__What this task involves__
Would you copy the listing below exactly, keeping the pictures out?

__Dataset content__

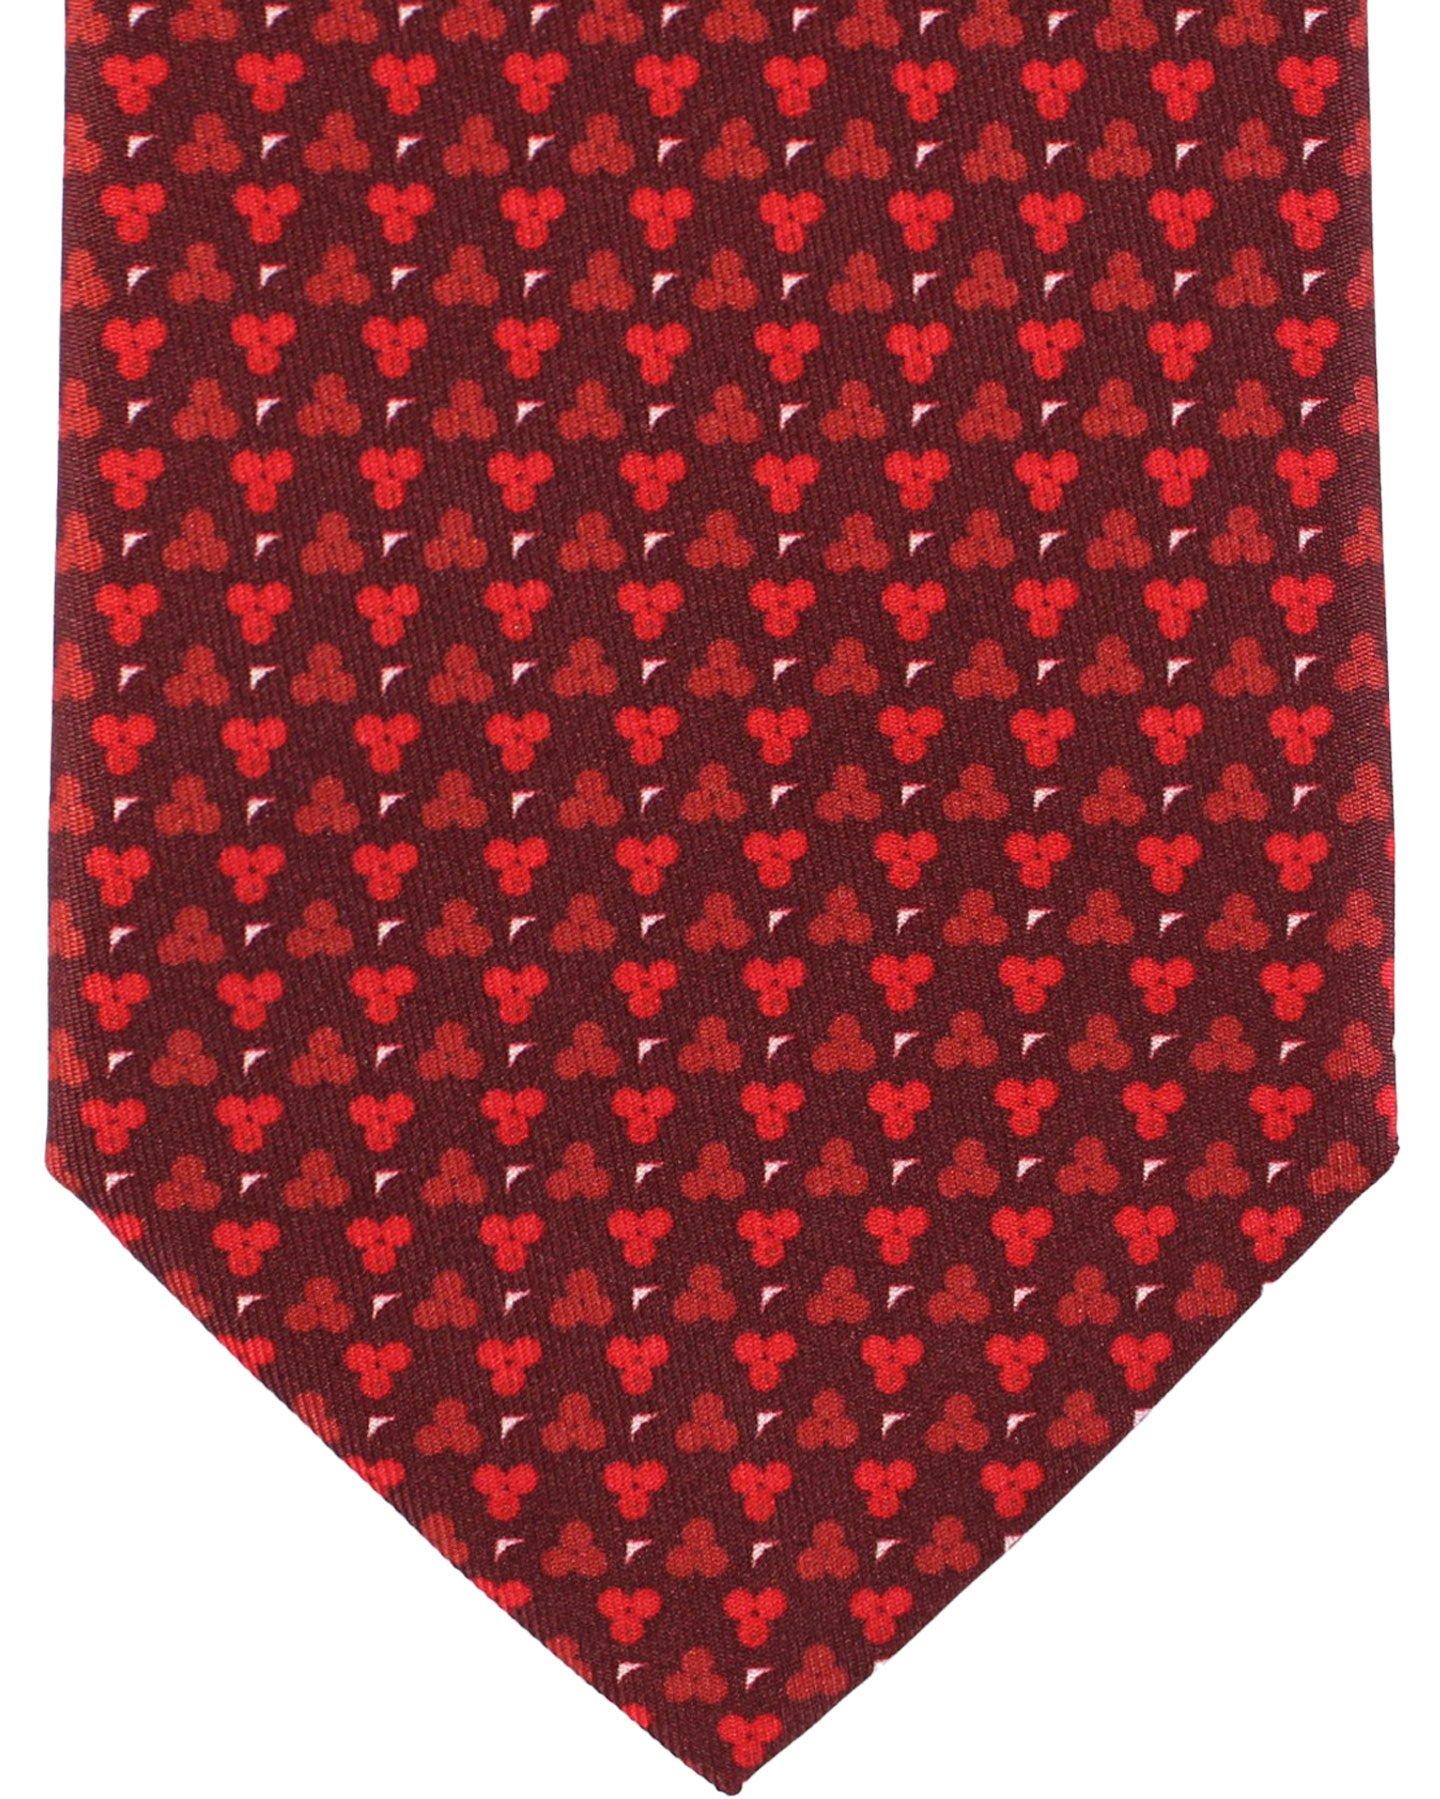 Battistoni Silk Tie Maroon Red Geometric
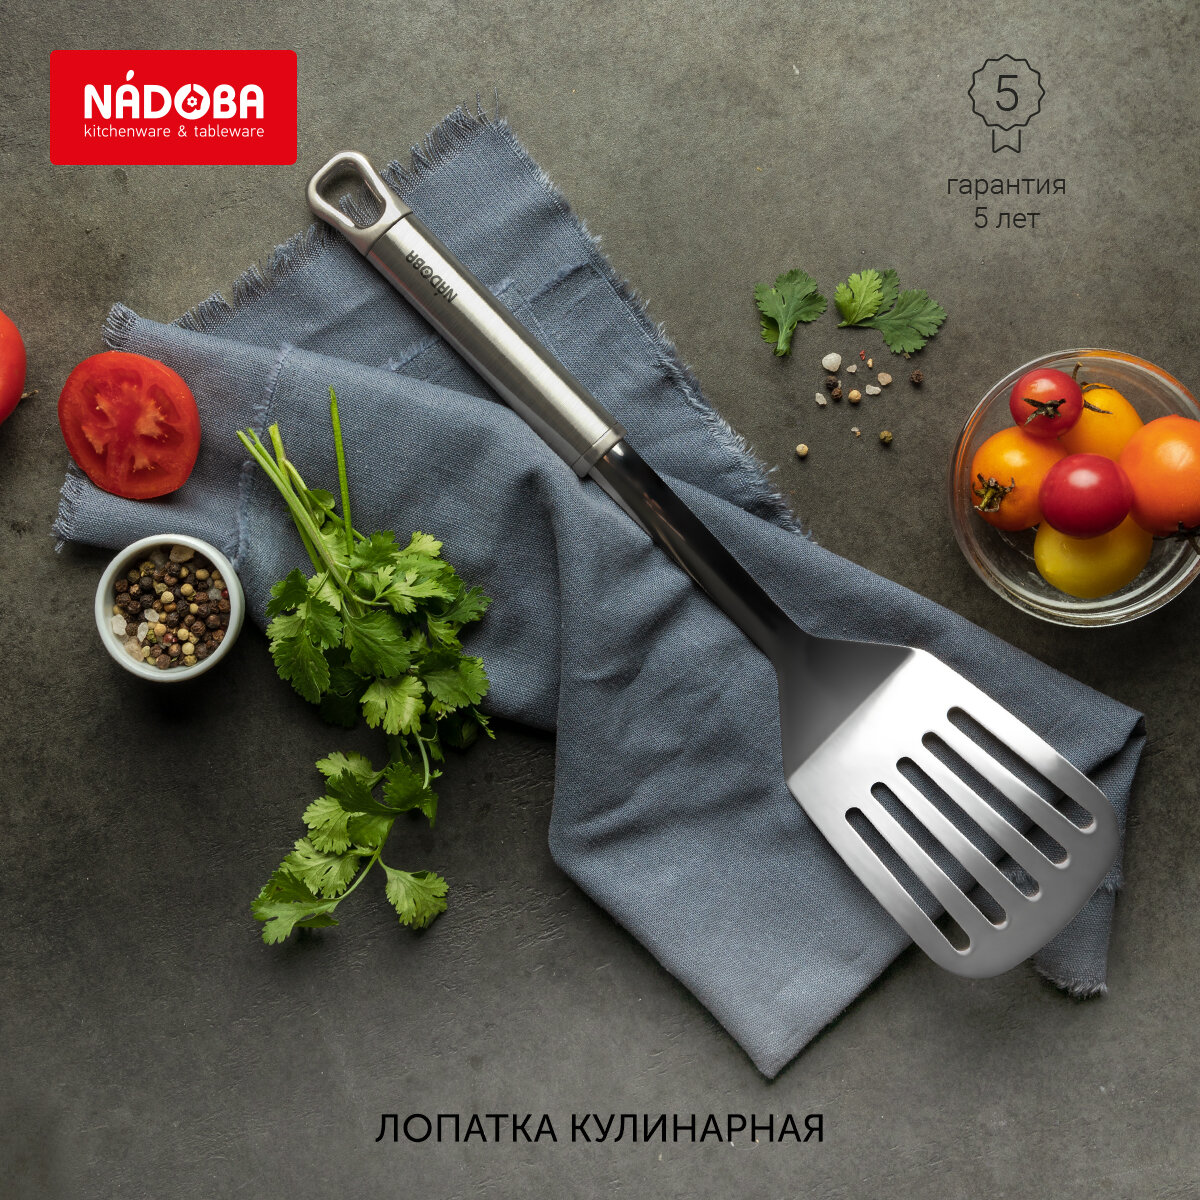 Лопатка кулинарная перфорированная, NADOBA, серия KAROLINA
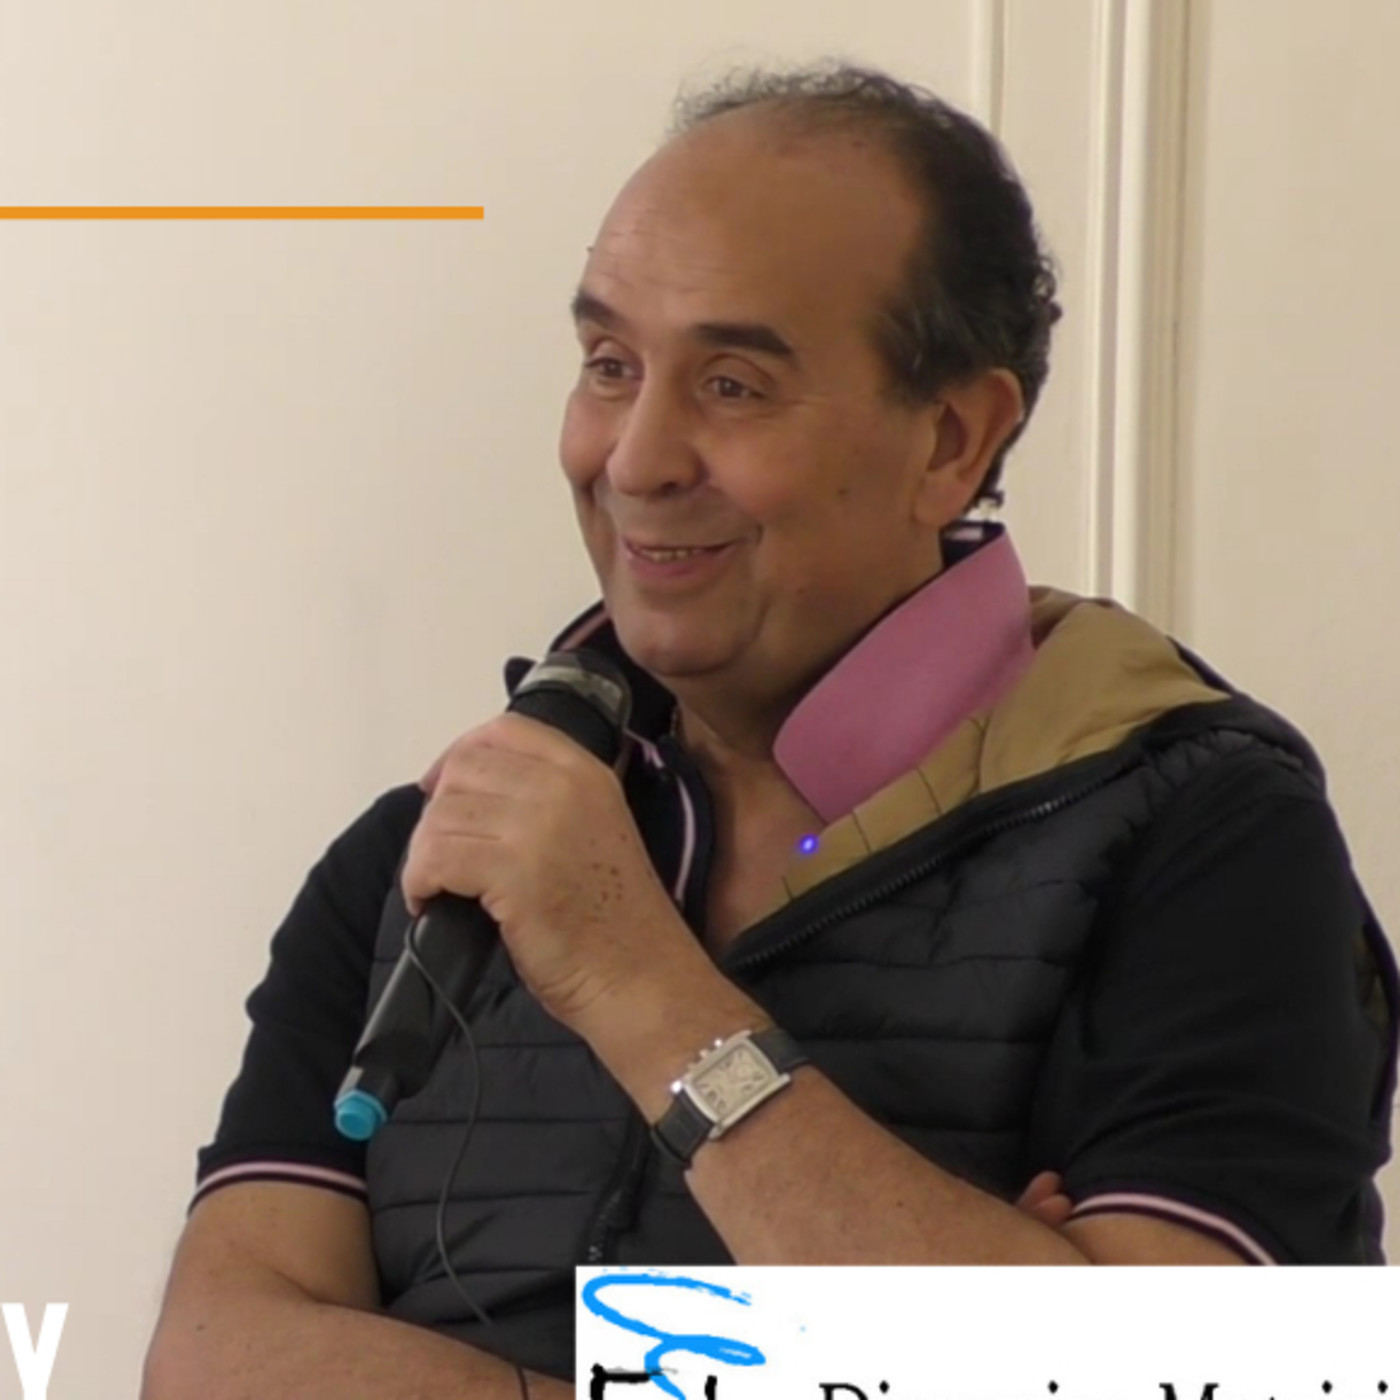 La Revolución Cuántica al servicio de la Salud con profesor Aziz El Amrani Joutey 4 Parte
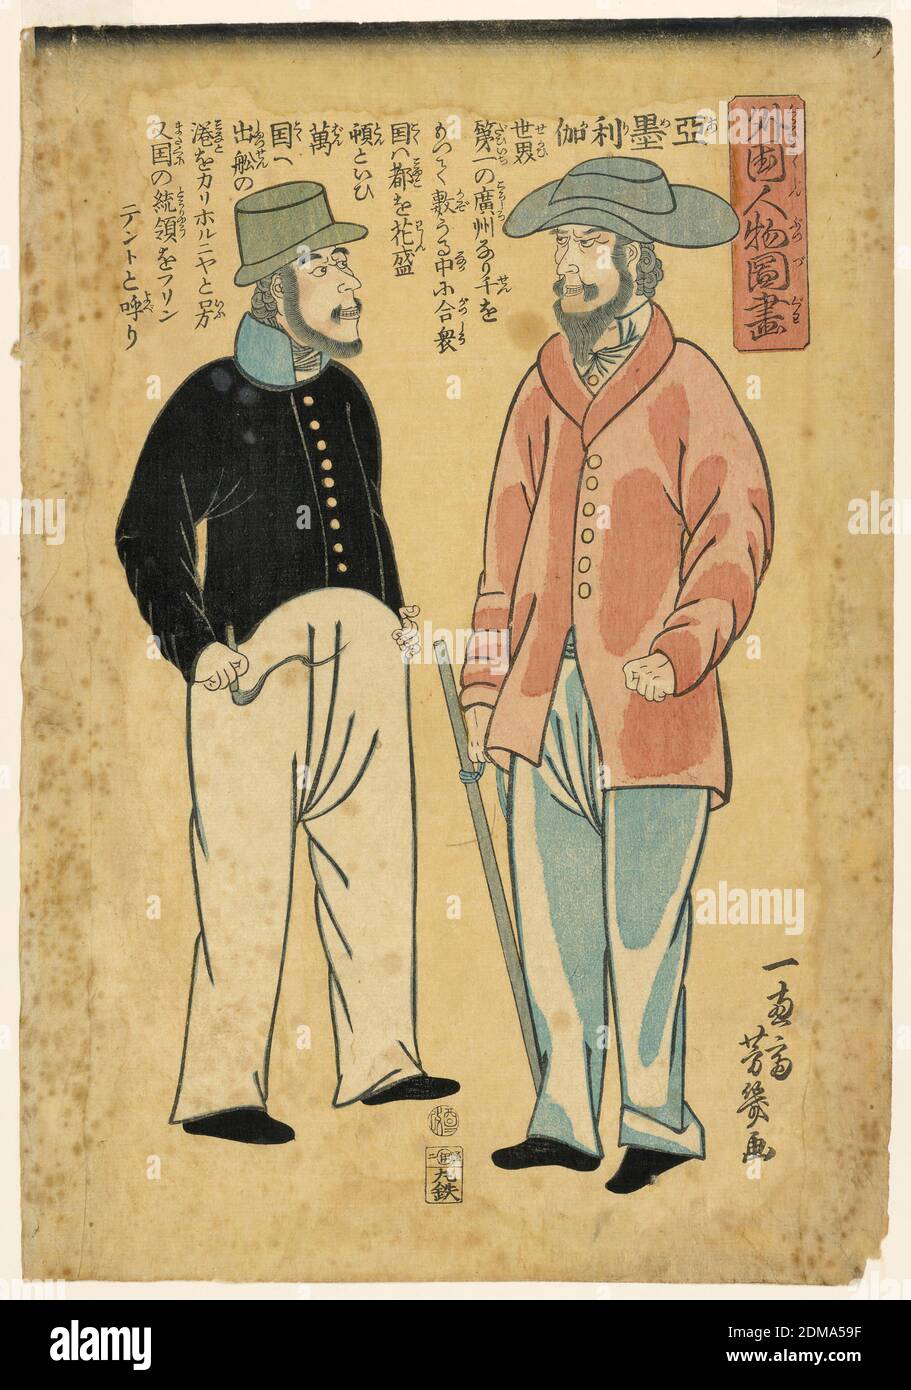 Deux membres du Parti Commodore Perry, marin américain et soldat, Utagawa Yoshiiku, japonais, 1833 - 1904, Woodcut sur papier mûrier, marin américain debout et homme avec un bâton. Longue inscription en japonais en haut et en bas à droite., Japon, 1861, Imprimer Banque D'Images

__Task output__
 Battistoni Silk Tie Maroon Red Geometric
 Лопатка кулинарная перфорированная, NADOBA, серия KAROLINA
 La Revolución Cuántica al servicio de la Salud con profesor Aziz El Amrani Joutey 4 Parte
 Deux membres du Parti Commodore Perry, marin américain et soldat, Utagawa Yoshiiku, japonais, 1833 - 1904, Woodcut sur papier mûrier, marin américain debout et homme avec un bâton. Longue inscription en japonais en haut et en bas à droite., Japon, 1861, Imprimer Banque D'Images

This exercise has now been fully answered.